Search code examples
scalaapache-sparkserializationkryo

Spark Internal class Kryo registration


I'm new to Spark I'm using 2.4.4 with kryo. The spark job will write around 100 part files and then fails by throwing the following exception

Caused by: java.lang.IllegalArgumentException: Class is not registered: 
org.apache.spark.sql.execution.datasources.WriteTaskResult
Note: To register this class use: 
kryo.register(org.apache.spark.sql.execution.datasources.WriteTaskResult.class);

As suggested in the exception I can register

kryo.register(org.apache.spark.sql.execution.datasources.WriteTaskResult.class);

But the problem is, it is an internal Spark class, the question I have is, is it ok to register this internal class? shouldn't it be taken care of by Kryo or Spark itself as long as it is an internal class?

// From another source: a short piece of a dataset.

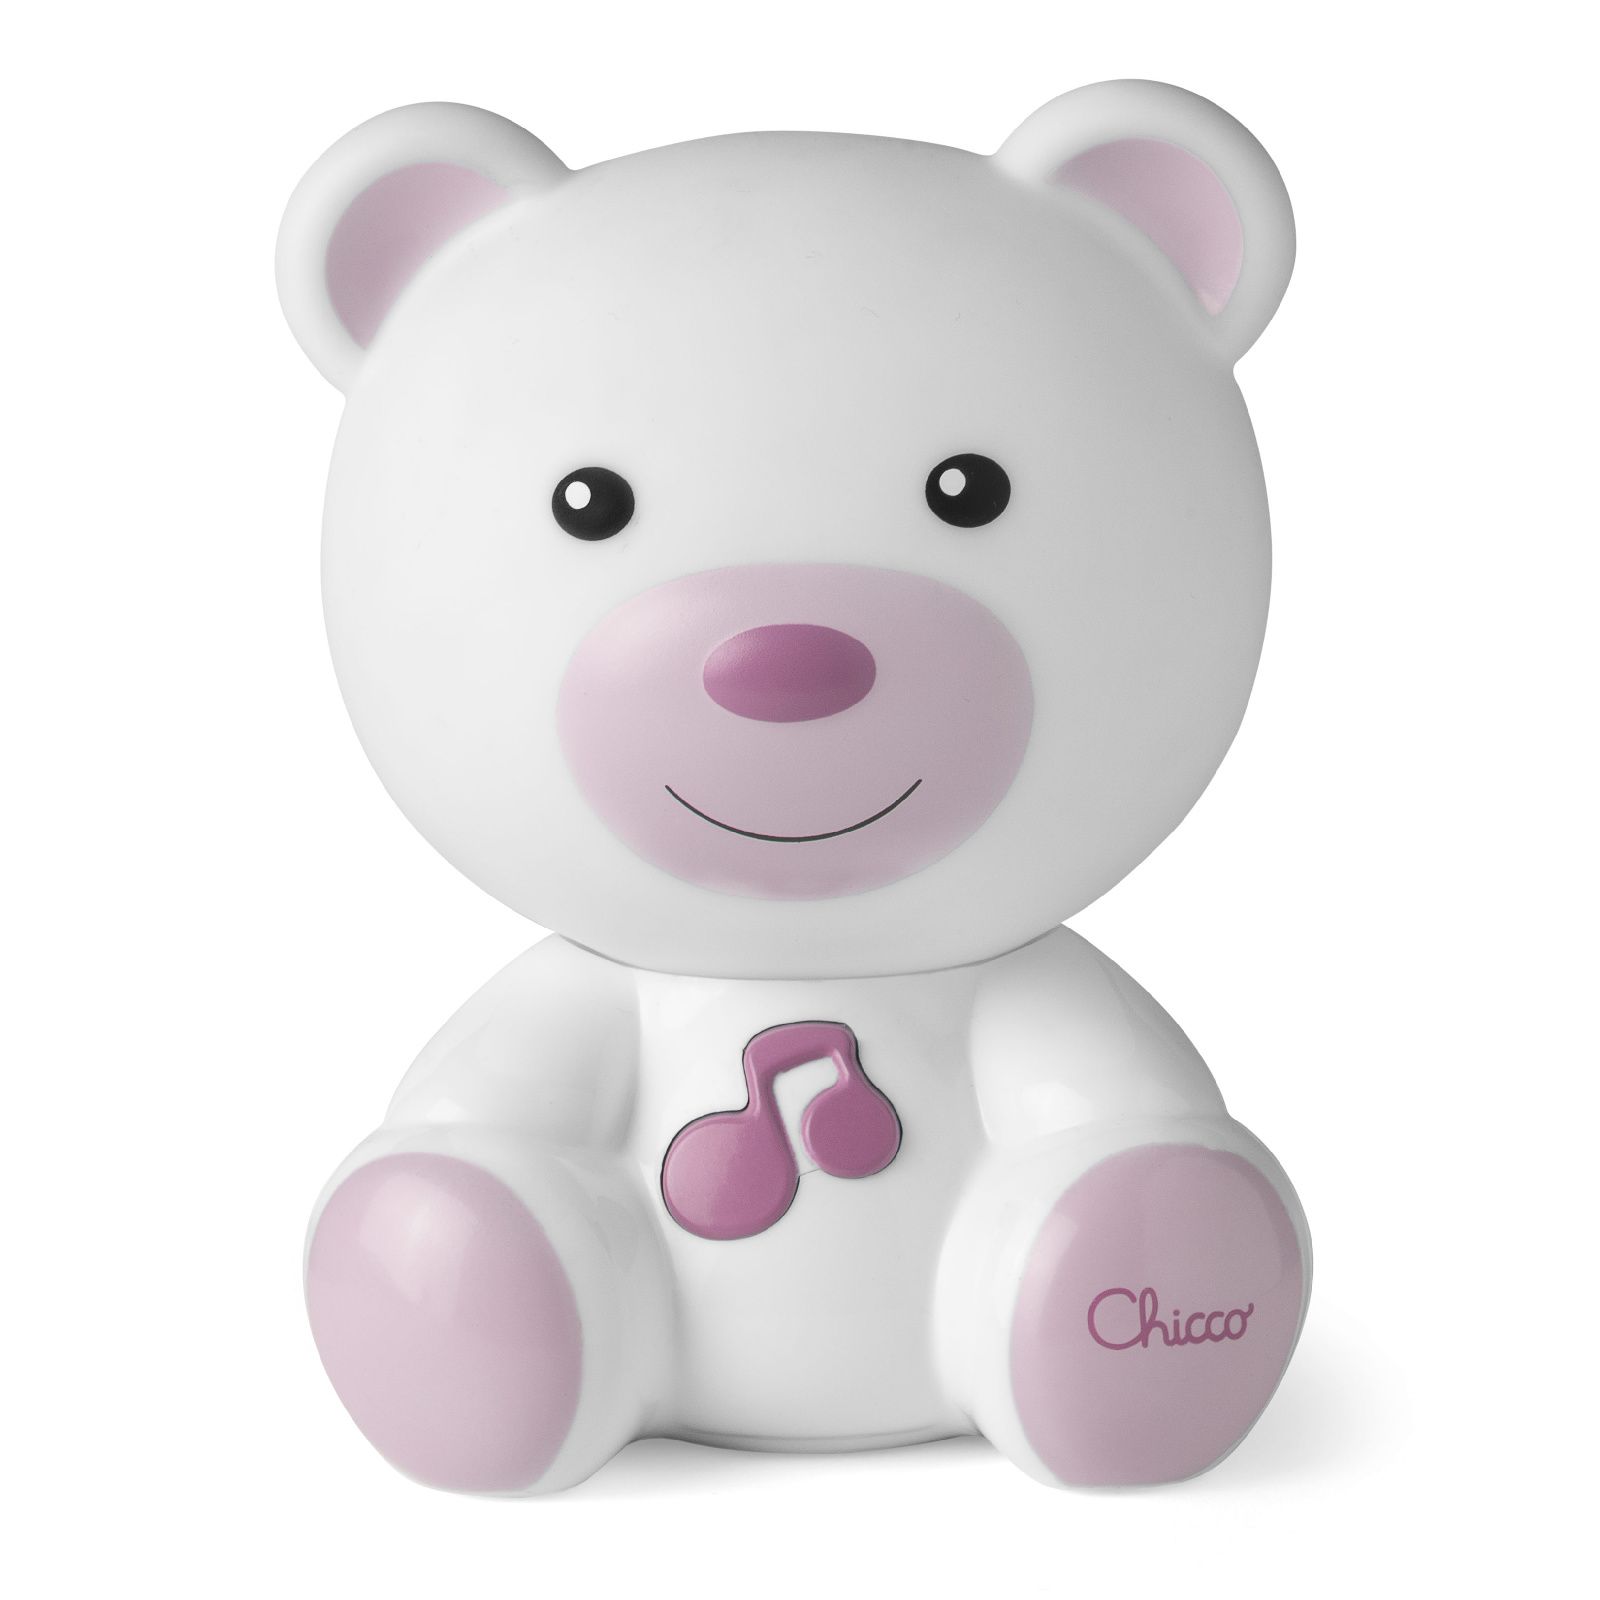 Ночник Медвежонок Chicco Dreamlight розовый игрушка для сна chicco мишка мягкая музыкальная с ночником проектором розовый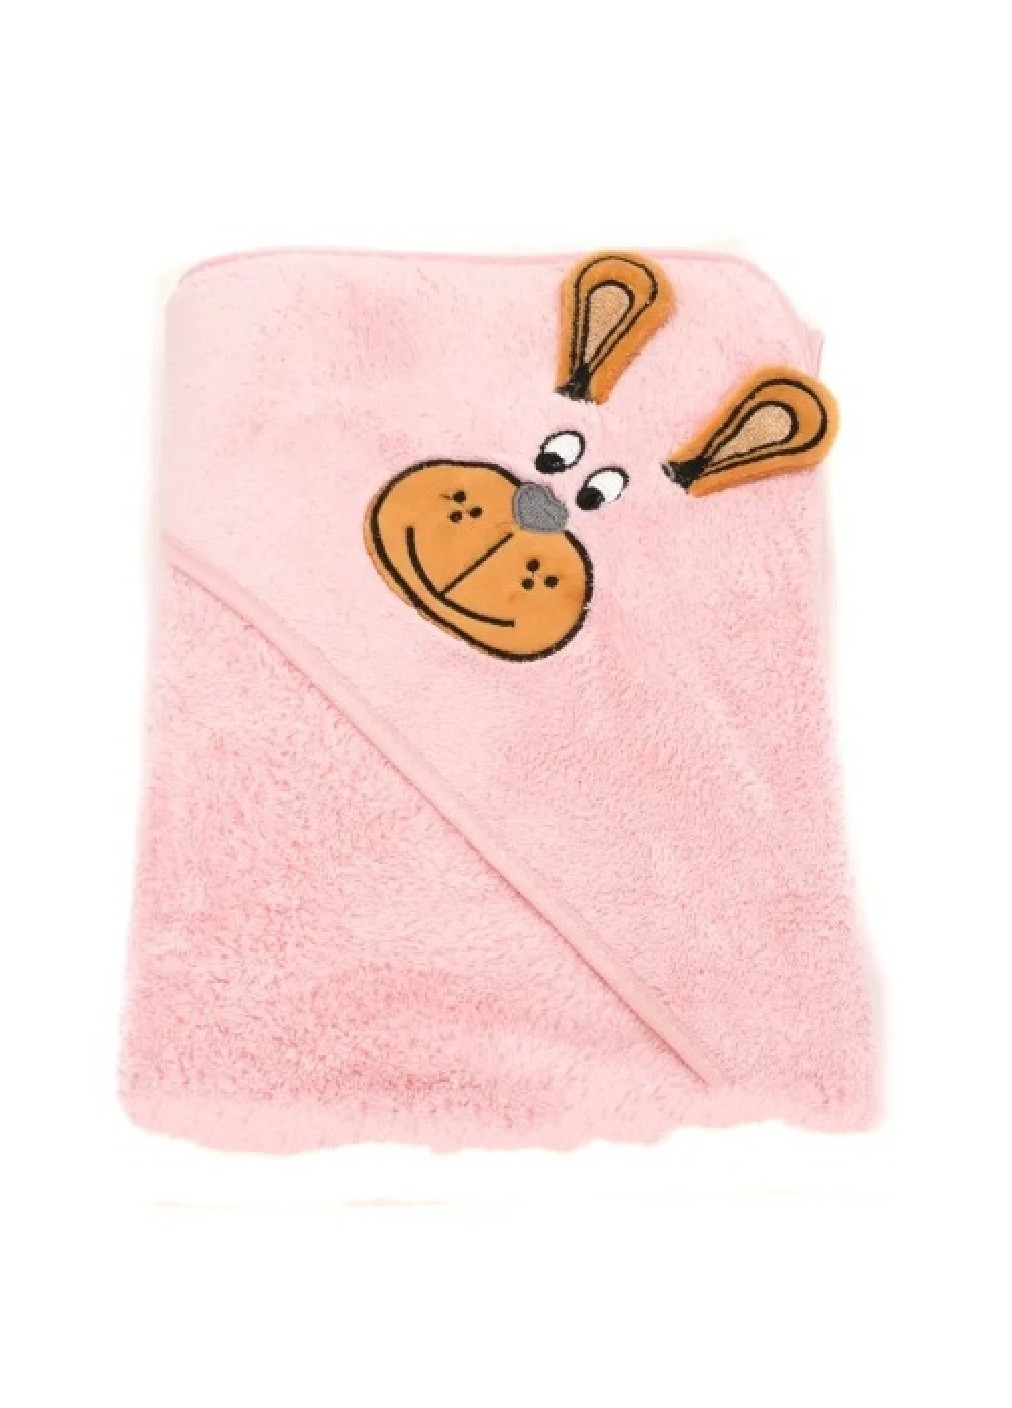 Unbranded полотенце с капюшоном пончо детское банное плед уголок конверт для купания 90х90 см (473223-prob) розовый однотонный розовый производство -

What is the right way to fix this problem?

Thanks, Raj


Solution

  • I registered the following classes and it worked

    kryo.register(classOf[org.apache.spark.sql.execution.datasources.WriteTaskResult])
    kryo.register(classOf[org.apache.spark.sql.execution.datasources.ExecutedWriteSummary])
    kryo.register(classOf[org.apache.spark.sql.execution.datasources.BasicWriteTaskStats])
    kryo.register(classOf[org.apache.spark.internal.io.FileCommitProtocol])
    kryo.register(classOf[org.apache.spark.sql.catalyst.expressions.UnsafeRow])
    

    Thanks Raj